In March 2011, the National Security Agency received a secret message prior to the Western intervention in Libya. An intelligence unit in the United States military’s Africa Command required help to hack Libya’s cell phone network to be able to monitor their text messages. This task was easy for the NSA as they had already gotten their hands on technical information about their carrier’s internet system by spying on the documents sent among their company employees which were perfect to provide help to break into the networks.
NSA giving its assistance in this matter was not an isolated case, rather it was part of a much a larger surveillance program. Documents which were part of the material provided to The Intercept, NSA had spied on a number of companies and international organizations to be able to find weaknesses in their cell phone technology which they could exploit. It also reveals how NSA plans on introducing new flaws
communication systems which they can tap into which is seen to be a controversial
The covert operation is known as AURORAGOLD and has monitored content which has been sent and received by more than 1200 email accounts as part of major cell phone network operators and has also intercepted confidential papers which have helped
NSA hack into cell phone
According to a cell phone security expert and cryptographer, Karsten Nohl, the broad scope of the information collected from AURORAGOLD appears to be aimed at ensuring that NSA can access every cell phone network possible. He also said that collecting such an inventory on world networks is likely to have ramifications as well since it does allow the NSA to track and circumvent upgrades in encryption technology, which is used by cell phone companies to prevent calls and texts from being eavesdropped. The operation is one which is carried out by special surveillance units of the NSA whose existence hasn’t been disclosed.
The information which is collected from the companies is passed to the signals development team of the NSA which focuses on infiltrating communication networks. It is also shared with other agencies which are NSA’s counterparts in countries known as the Five Eyes surveillance which include the UK, Canada, New Zealand and Australia.
The NSA documents do not have the names of many operations apart from those in Iran, China and Libya. However a world map feature in 2012 suggests that the NSA has network coverage in almost every country in every continent. One of the main targets under the AURORAGOLD program is the GSM Association, headquartered in London which represents the interests of more than 800 cell phone software and internet companies from almost 220 countries.

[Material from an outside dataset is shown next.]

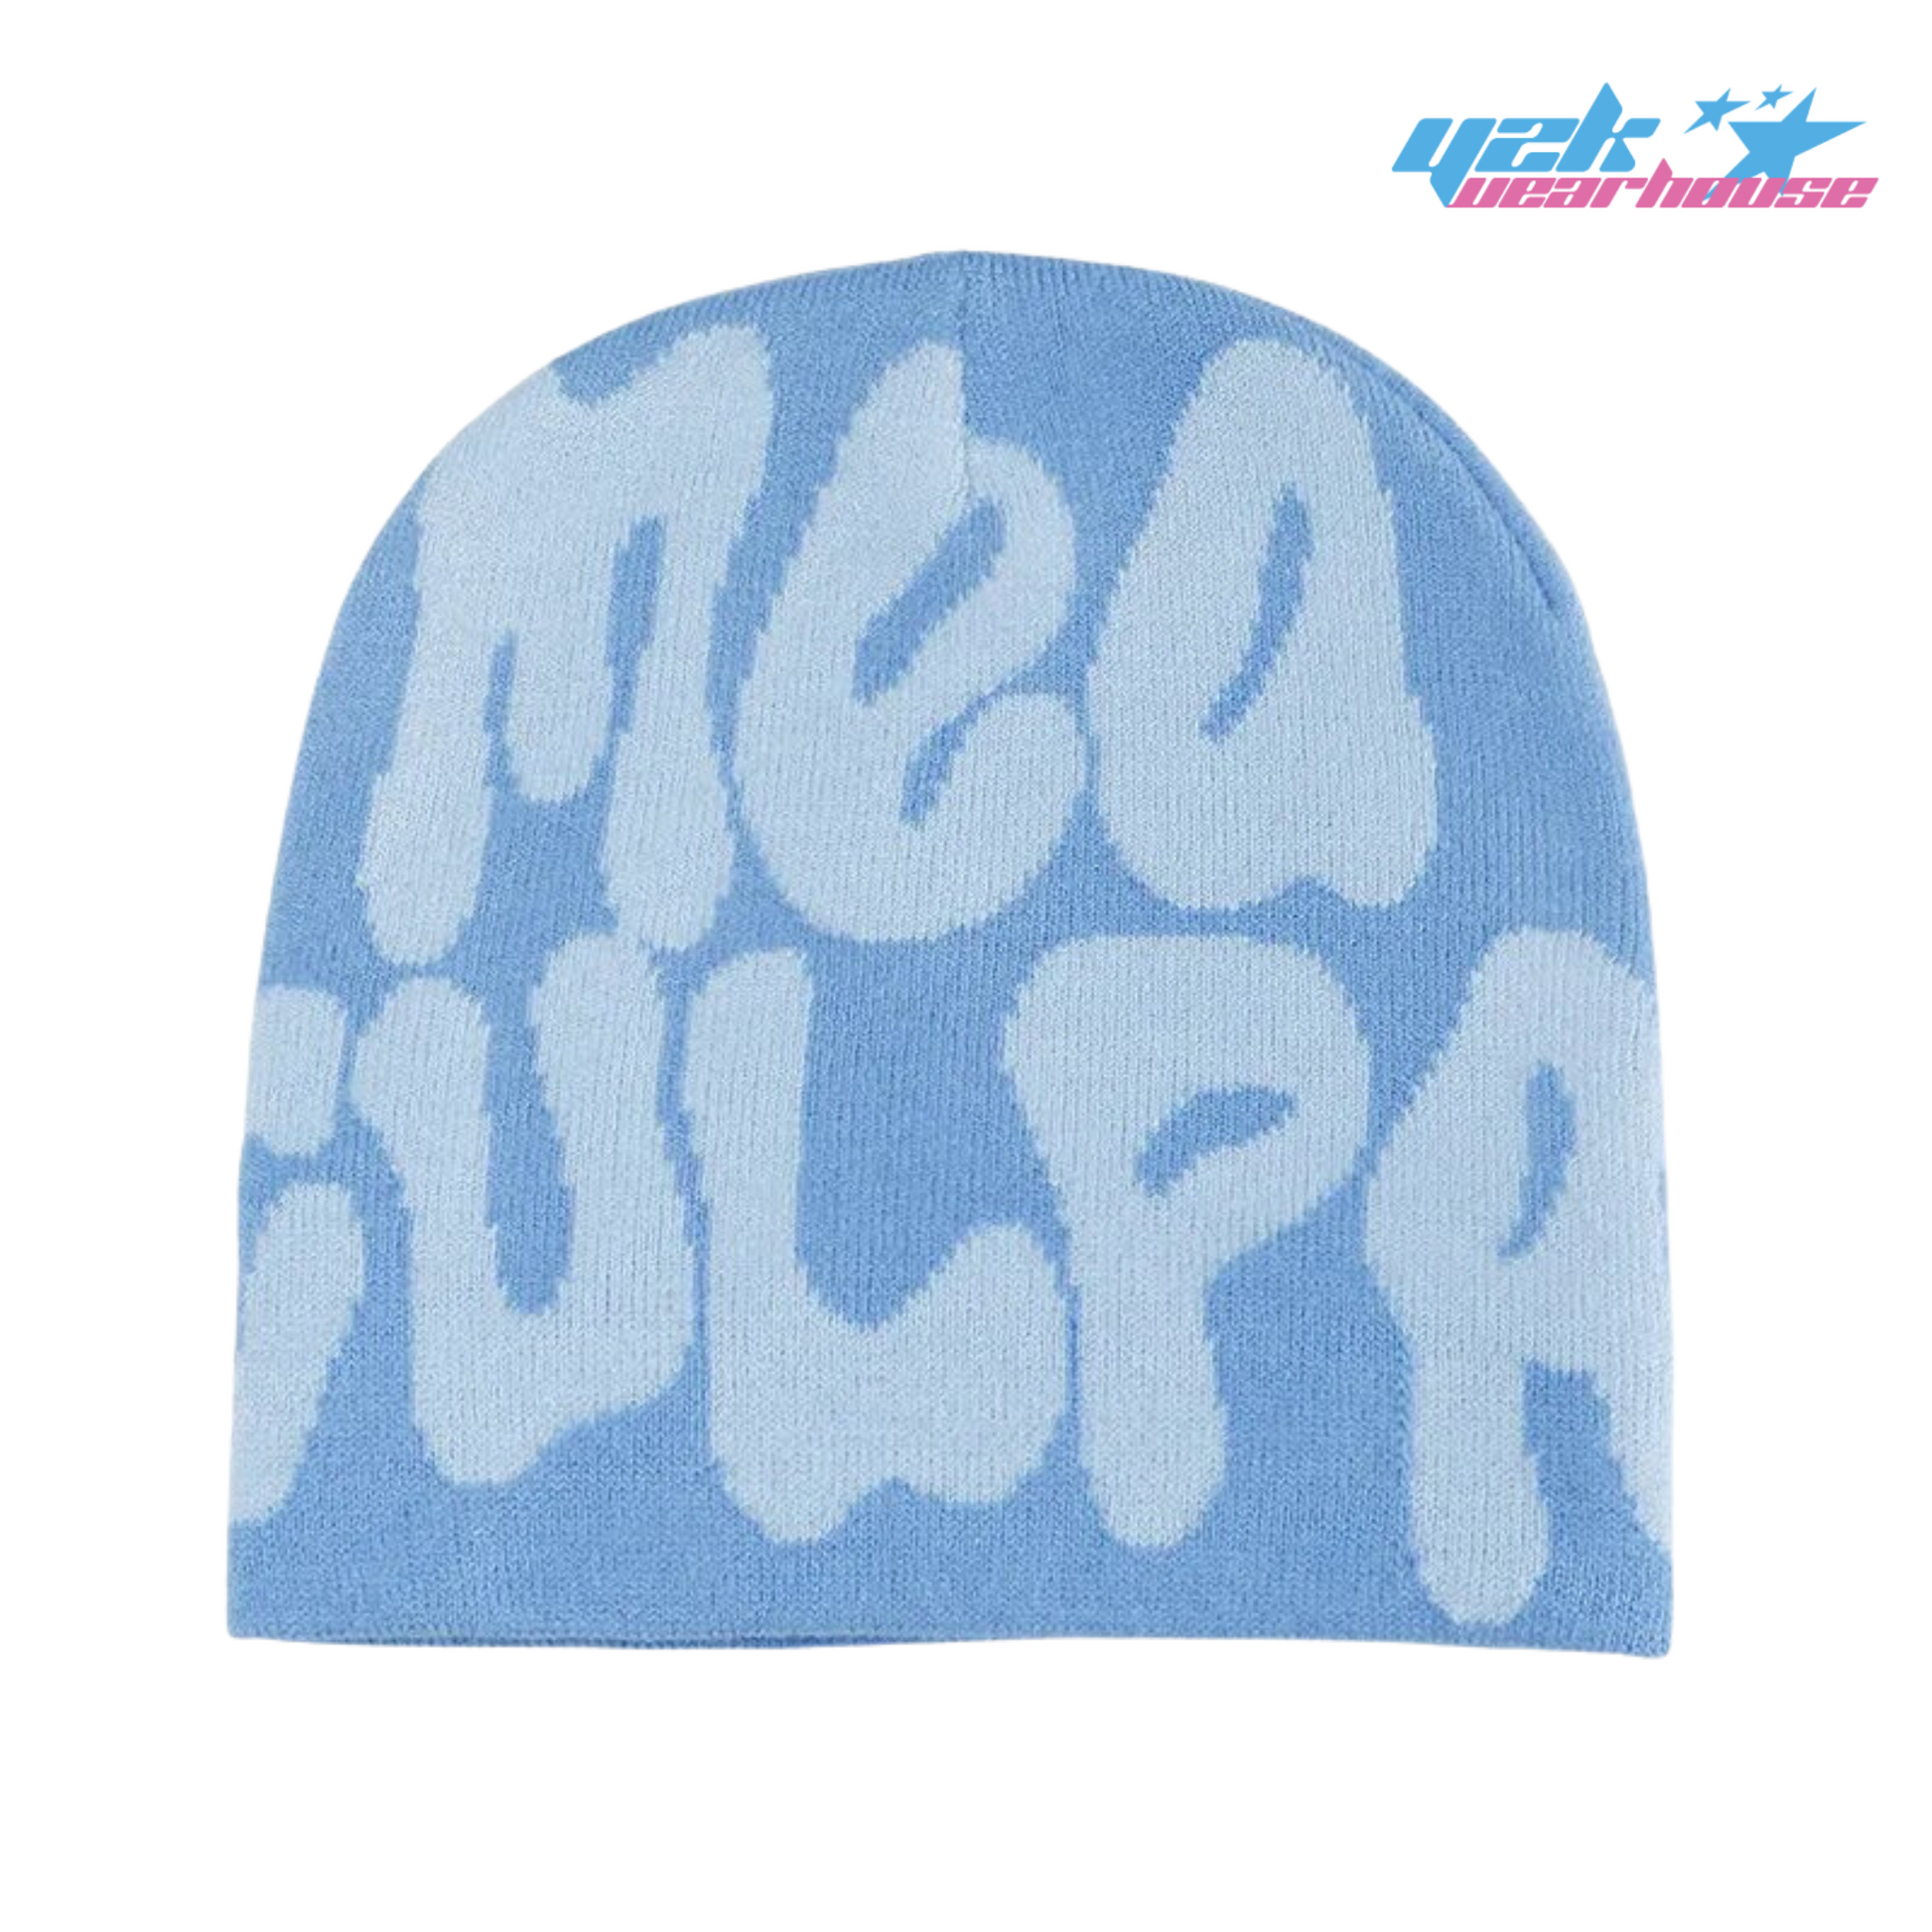 bonnet #meaculpa
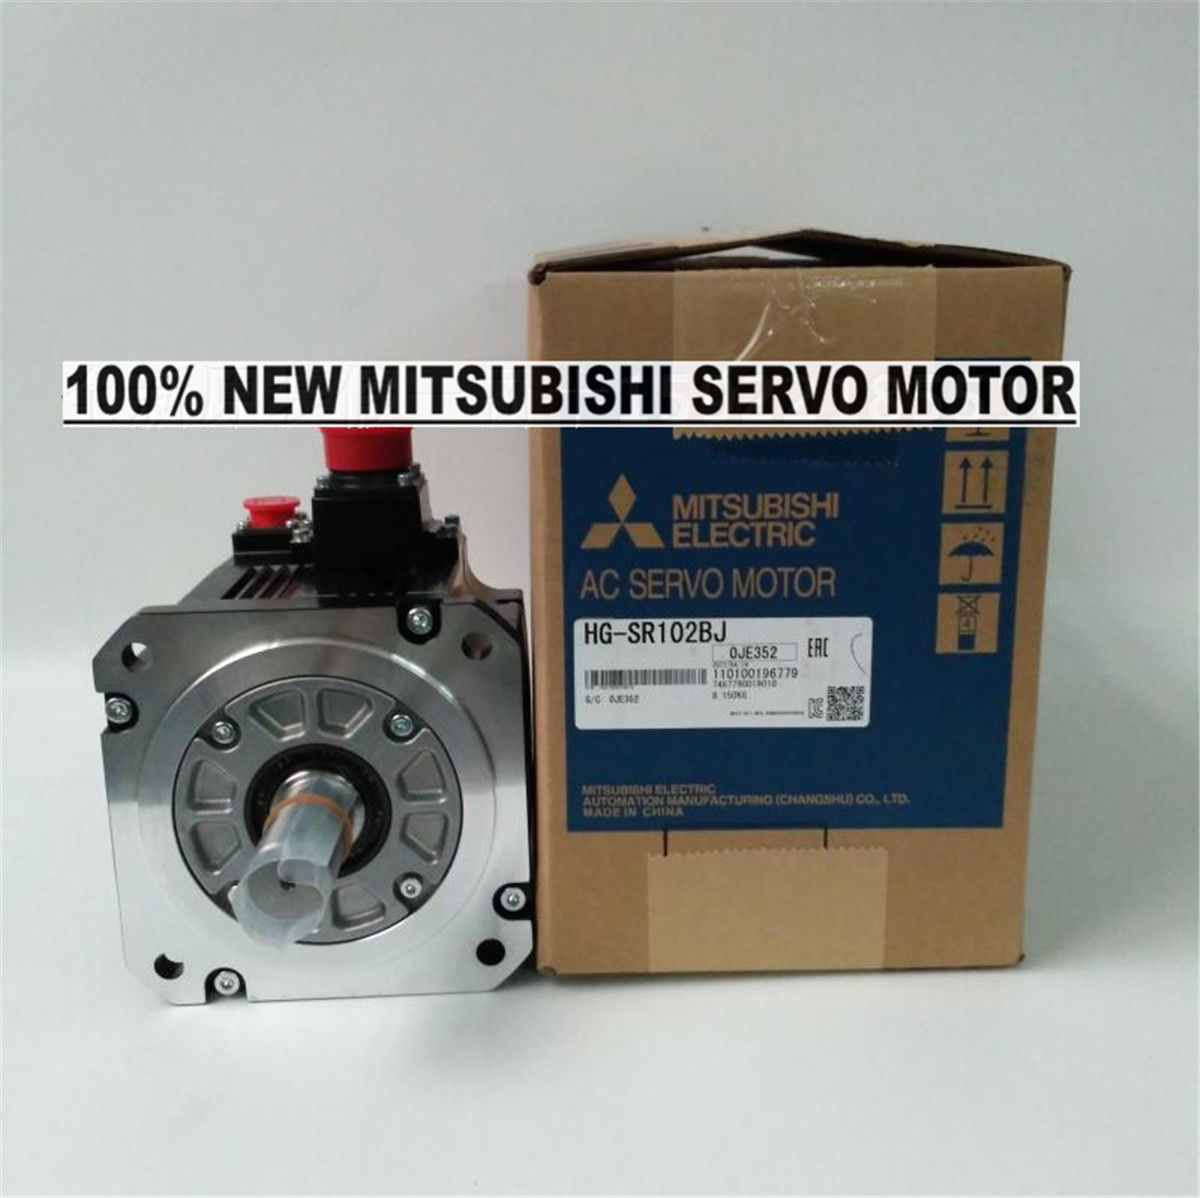 Brand New Mitsubishi Servo Motor HG-SR102BJ in box HGSR102BJ

The NSA focuses on getting their hands on important and obscure information which is circulated among the GSMA’s members which are known as IR.21s most cell phone network operators share IR.21 documents with each other as part of their agreement allowing customers to connect to the foreign networks while they are abroad.
The details of the IR.21 serve as a warning mechanism which flags any new technology, which is used by network operators. This allows NSA to identify any security vulnerabilities in latest communication systems which can be exploited and helps efforts made to introduce further vulnerabilities where they may not even exist.
The IR. 21’s also contain information about the encryption which is used by cell phone companies in order to keep their
customers communication safe and private while they are transmitted across the
networks. These details are of interest to the NSA as they can help in
listening to conversations.
Last year, the Washington Post stated that the NSA had managed in breaking the most common encryption algorithm used which is known as A5/1. The information which is collected under AURORAGOLD however, allows the agency to focus on circumventing stronger and newer versions of the cell phone encryption system such as the A5/3.
Extensive attempts to attack cell phone encryption
has been replicated throughout the Five Eyes surveillance alliance
Documents by the NSA show that the focus is placed on collecting details about all technical standards which are used by cell phone operators and their efforts to stay ahead in technology yields surprising results. In 2010, its operatives had found new ways to penetrate the fourth generation of smart phone era technology for surveillance, years before it was adopted by people all around the world.
The agency says that their targets are terrorists, weapons proliferators and other foreign targets and not ordinary people. However the methods used by them and their partners pose significant risks. In April, officials from the White House confirmed that Obama had told the NSA to disclose any vulnerabilities it may find, however qualified that with a loophole
flaws should be secretly exploited as long as there is deemed to be a
clear national security or law enforcement use.
Nicki is a tech blogger and gadget lover, she loves to write about Android and iOS security and cell phone spy apps.